AIM OF THE EXERCISE:
Look below for the line with "Ozark Trail Toddler", then repeat it and all lines after it, exactly, minus any pictures.

INPUT DATA:
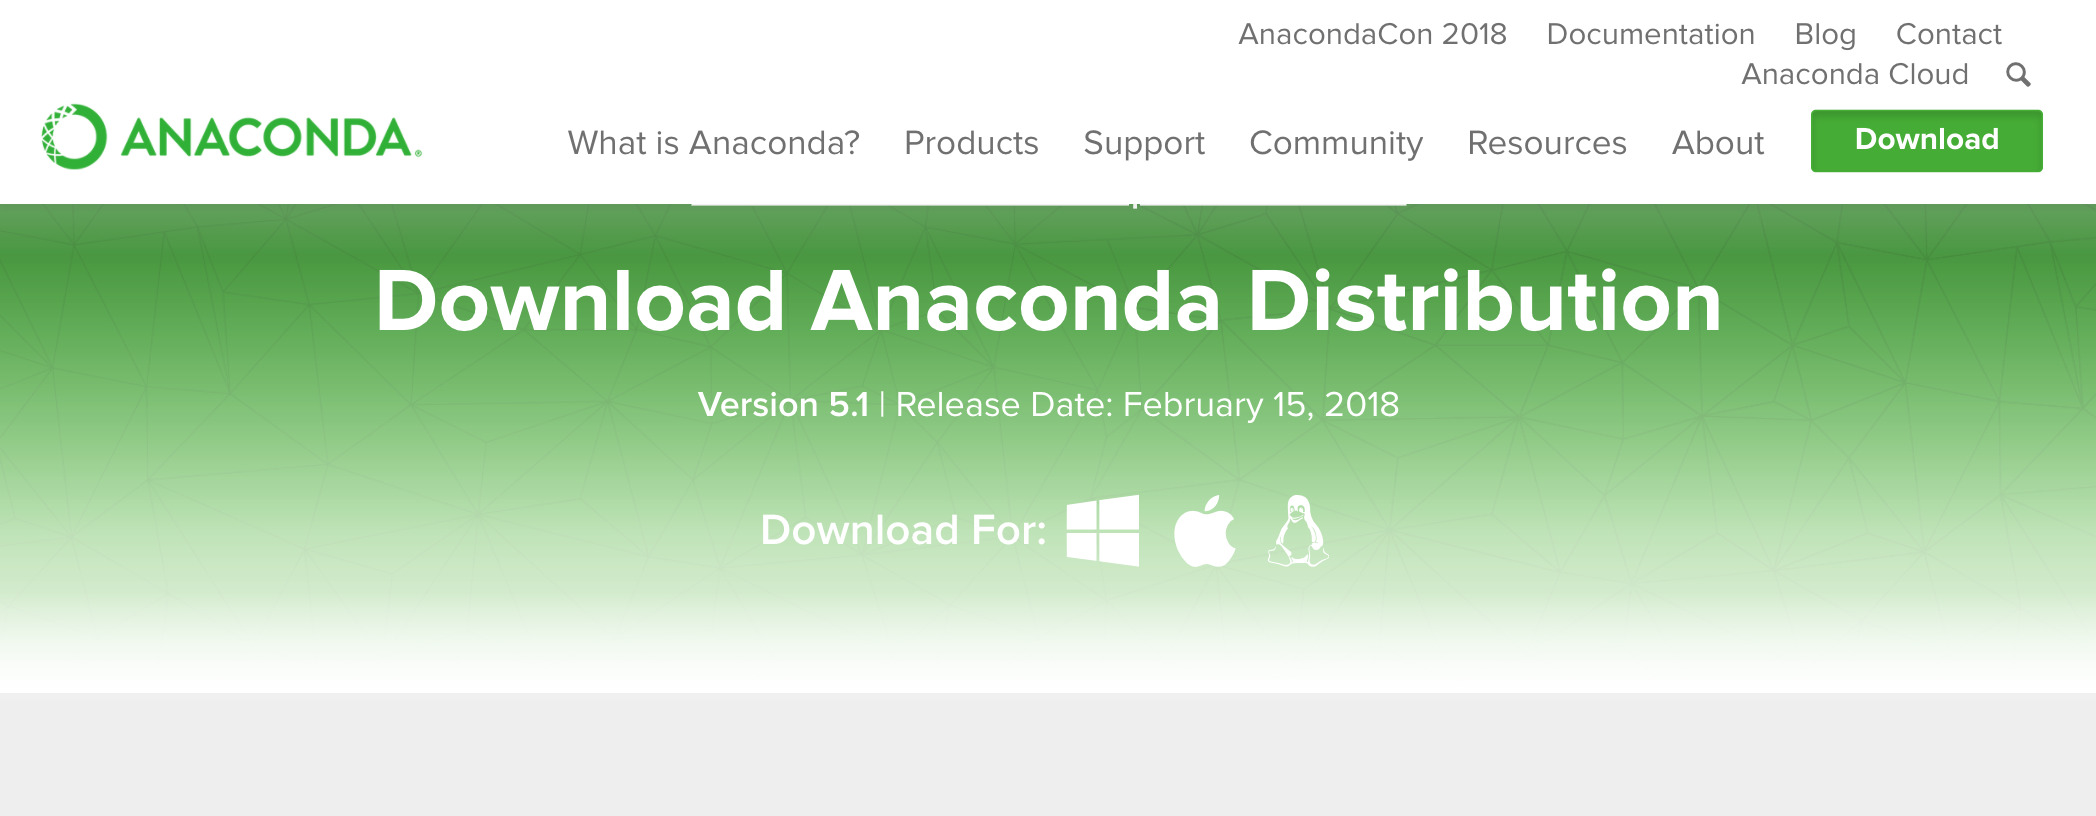 https://www.anaconda.com
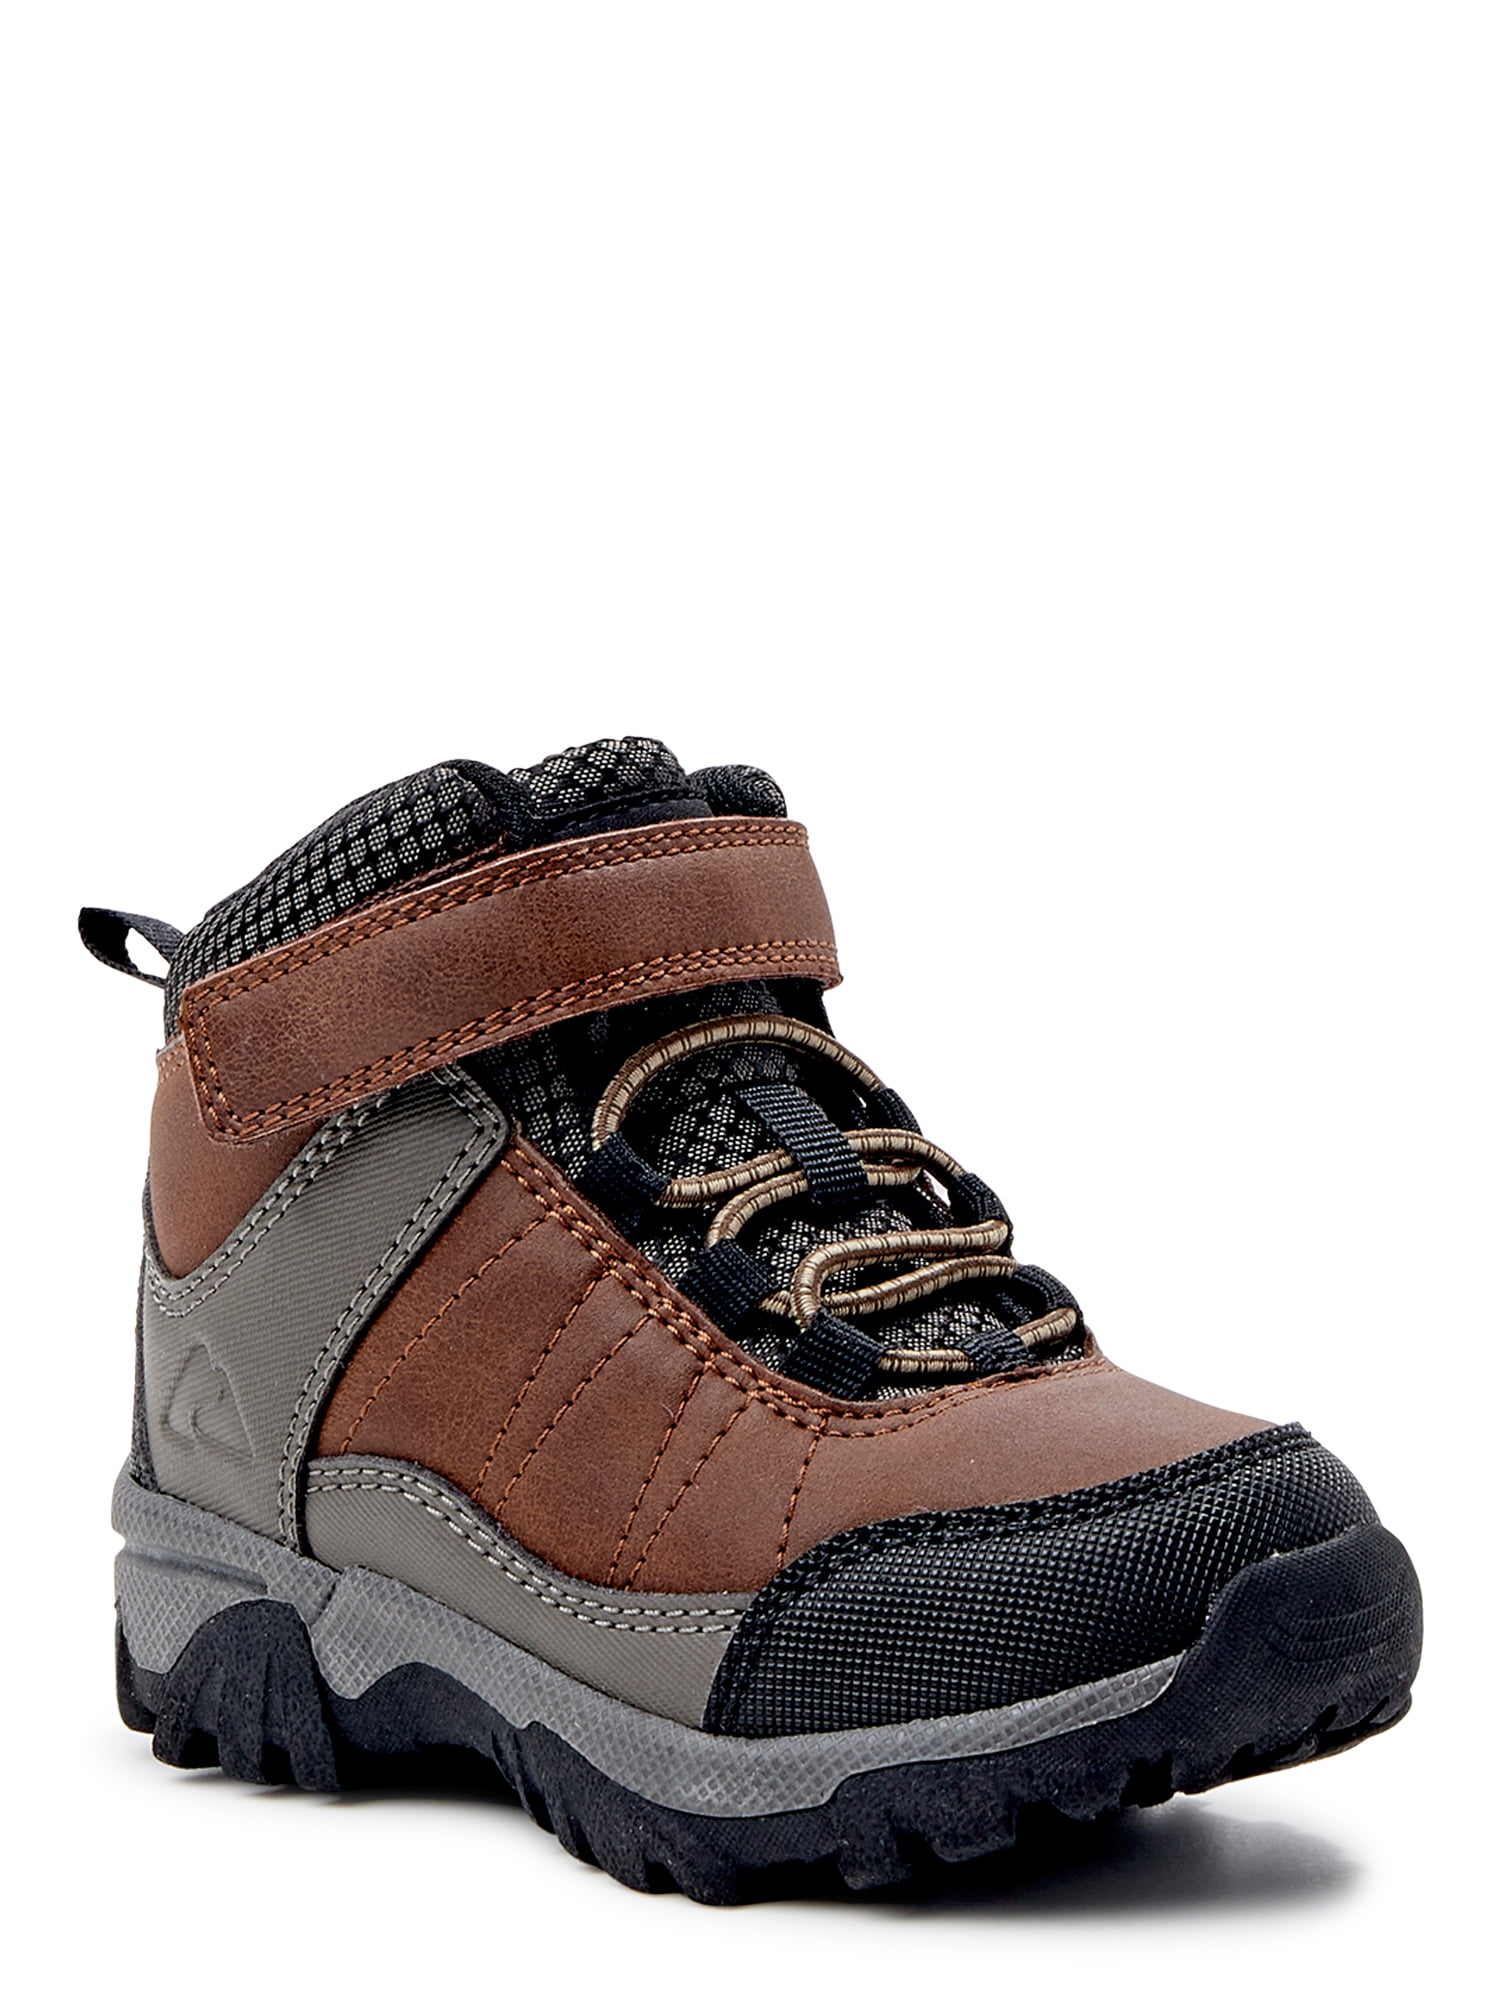 Ozark Trail Toddler Boys Hiking Boots, Sizes 7-12
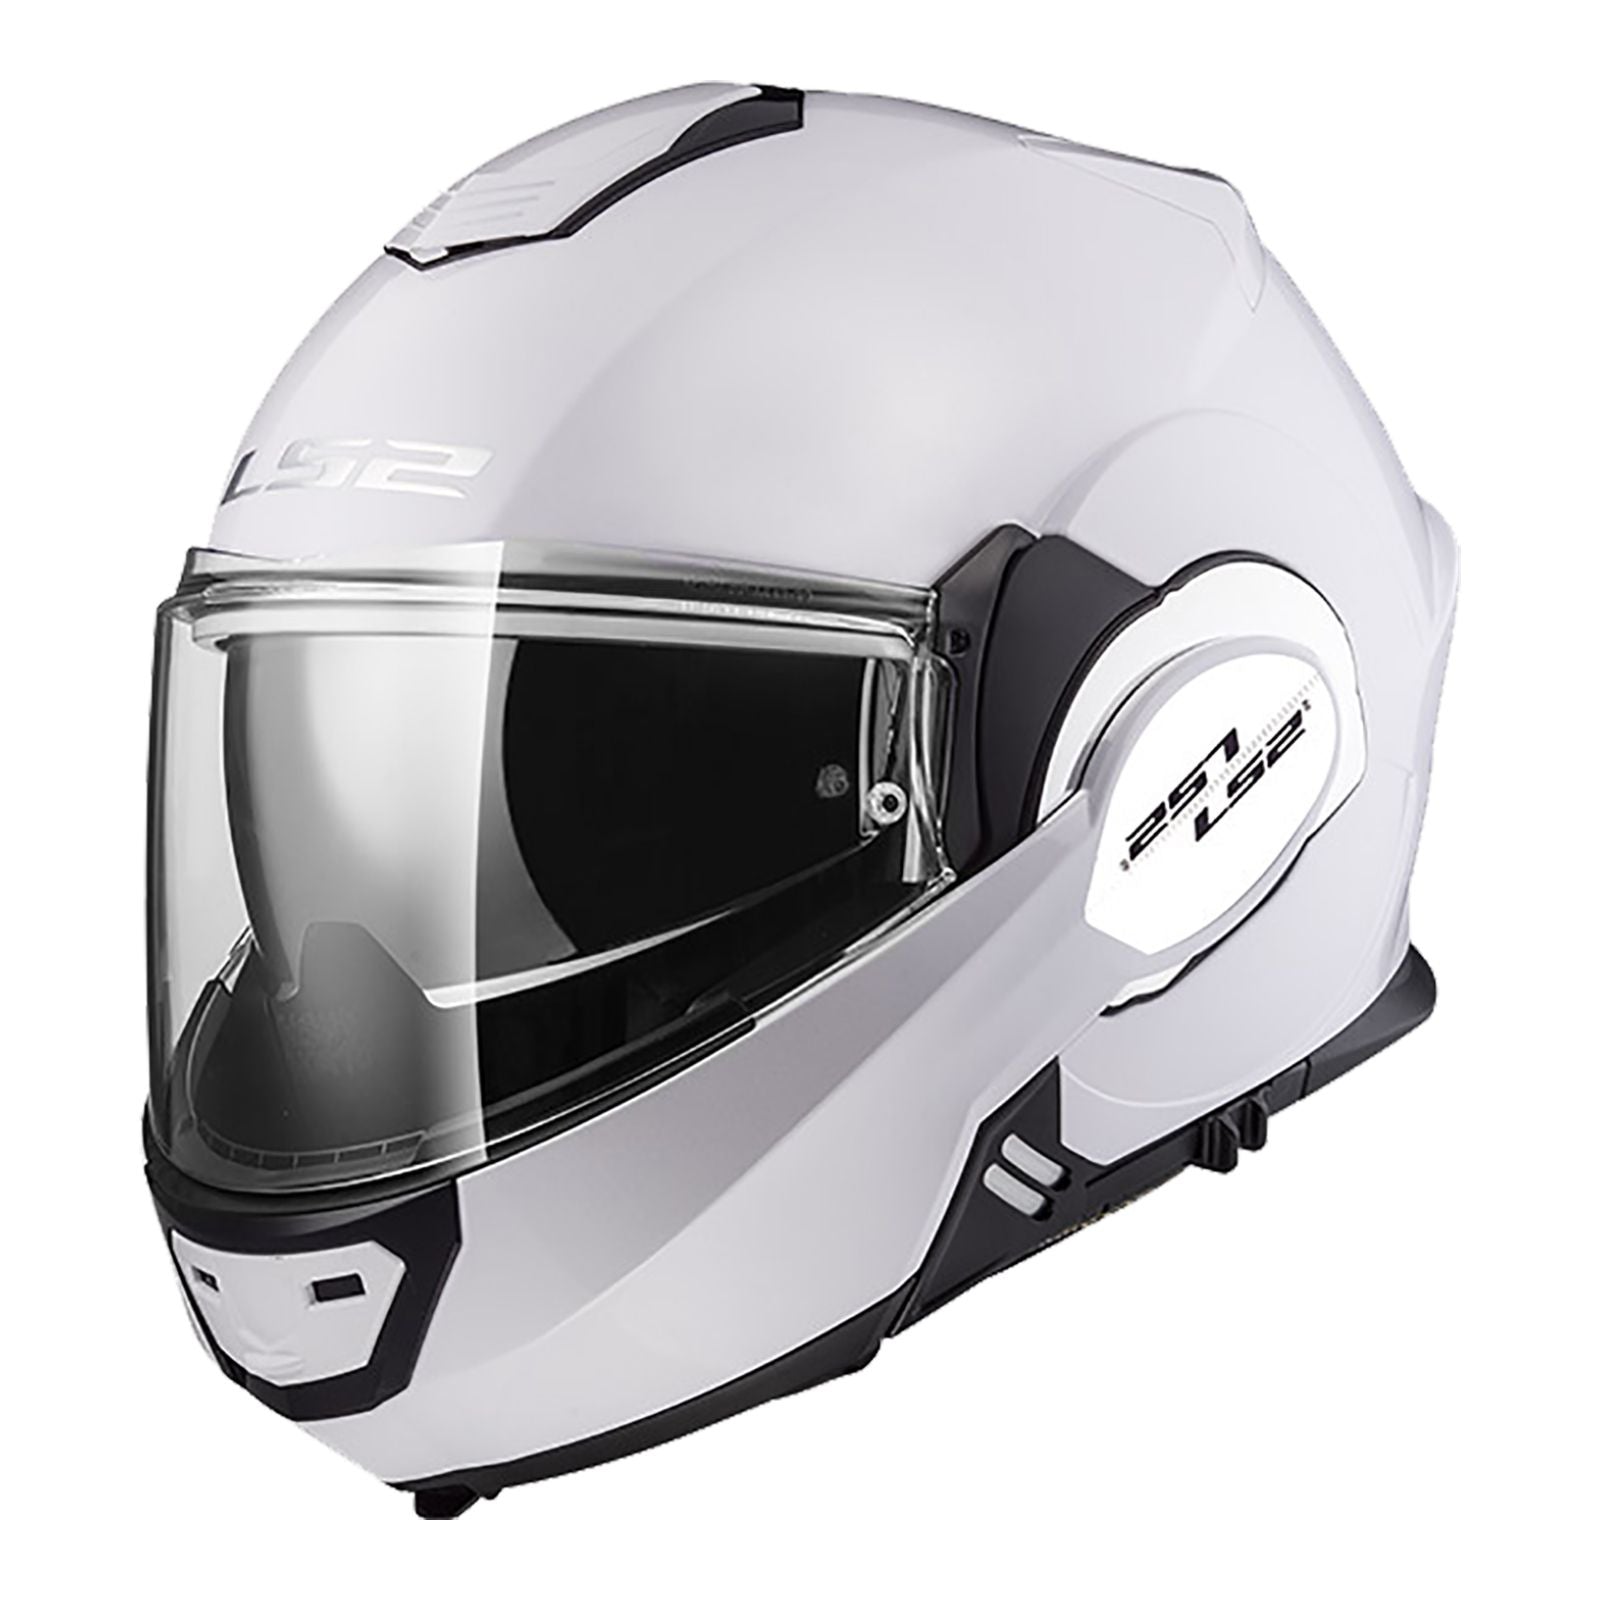 New LS2 FF399 Valiant Helmet - White (XL) #LS2FF399SOLWXL

RESPONSE FOR THIS EXERCISE:
 Ozark Trail Toddler Boys Hiking Boots, Sizes 7-12
 New LS2 FF399 Valiant Helmet - White (XL) #LS2FF399SOLWXL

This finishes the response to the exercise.